See: Francis Xavier Muhoozi t/a Kabale Kobil Station vs National Bank of Commerce (U) Ltd HCT-00-CC-CS-0303-2006 (Commercial Court – unreported).
And as to the guarantor’s right of indemnity against the principal debtor, the law is that the surety who has actually met the liability which he has undertaken to answer for is entitled to be indemnified by the principal debtor. The said right to indemnity arises on actual payment by him. In the instant case, given the concession that the defendant defaulted on his obligations to Citibank; and, that in accordance with the guarantee terms the plaintiff paid to Citibank the amount due on the guarantee, the plaintiff would be entitled to recover the payment from the defendant provided that it did not exceed the amount advanced by Citibank to the defendant.

This now brings me to the issue of the amount.

From the evidence, sometime in March 1999, the plaintiff appointed the defendant as its dealer for Shell Jinja Road, Kampala. The appointment letter is on record as Exhibit PI. In the course of the said dealership, and in a bid to boost the defendant’s business, the plaintiff arranged for him, together with other dealers, a banking facility with Citibank. This was in February 2001, according to Exhibit P2.

Under this arrangement, borrowers were dealers as would be mutually agreed upon between the plaintiff and Citibank. The lender would be Citibank and the loan guarantor, the plaintiff. The two parties agreed that the facility would be availed as an advance in the dealer’s current account subject to annual review and repayable on demand.

The Programme size was Shs.1,000,000,000/= (Shillings one billion only) and the maximum facility size for anyone dealer a sum of Shs.150,000,000/= (One hundred fifty million only).

Further, the parties agreed on the following procedure:

Each approved dealer to open a current account specifically for the financing of purchases from Shell Uganda, and all proceeds from the sale of Shell (U) products to be deposited into this account.
2.       A credit limit to be established on the current account and to be available solely for the purchase of products from Shell Uganda.
3.       In order to facilitate payments, the dealers to provide Shell Uganda with signed cheques drawn on their Citibank accounts and payable to Shell Uganda.
4.       Shell (U) to be granted viewing rights to the dealers’ Citibank accounts through Citibank’s Windows based Electronic Banking Software.

This was to allow Shell (U) to monitor the performance of its dealers with regard to maintaining the terms and conditions of the programme.

Under the Deed of Guarantee, the plaintiff bound itself to pay and satisfy Citibank for all sums due and owing upon one month’s notice being given, provided that the claim does not exceed the advance [EXH.P3].

From the records and evidence, by this facility the plaintiff recommended the defendant to Citibank on June 25, 2001 for an overdraft facility of Shs.150m for a period of one year.
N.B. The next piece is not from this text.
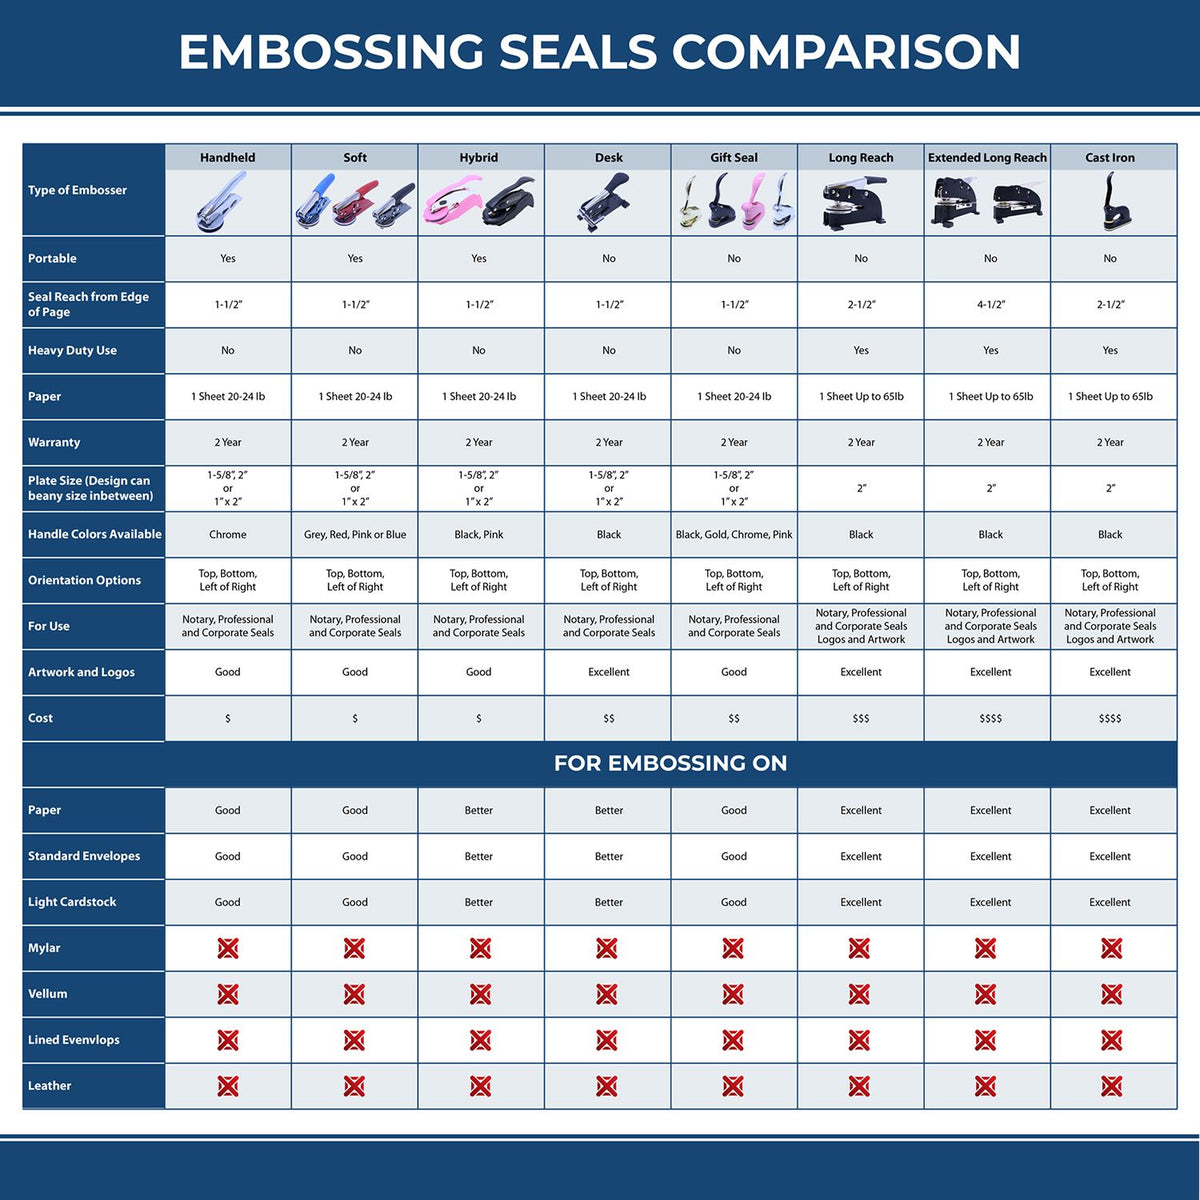 A comparison chart for the different types of mount models available for the State of Tennessee Soft Land Surveyor Embossing Seal.

This overdraft facility was wholly guaranteed by the plaintiff [EXH. P4]. From the records also [EXH. P5], the plaintiff authorized an increment in the defendant’s credit line from Shs.150m to Shs.250m. On the strength of this authority, Citibank confirmed to the defendant (in a letter dated 26-09-2001) that it was willing to avail credit facilities to him to run two more stations: Shell Nakivubo and Shell Kawempe. This increased the facility size to Shs.250m [EXH. P6]. Pursuant to this commitment on the part of Citibank, the defendant applied for an overdraft facility of Shs.250m on 03-10-2001 [EXH.P7]. No follow up documentation on this has been availed to court. However, the defendant does not deny receipt of proceeds under this overdraft facility.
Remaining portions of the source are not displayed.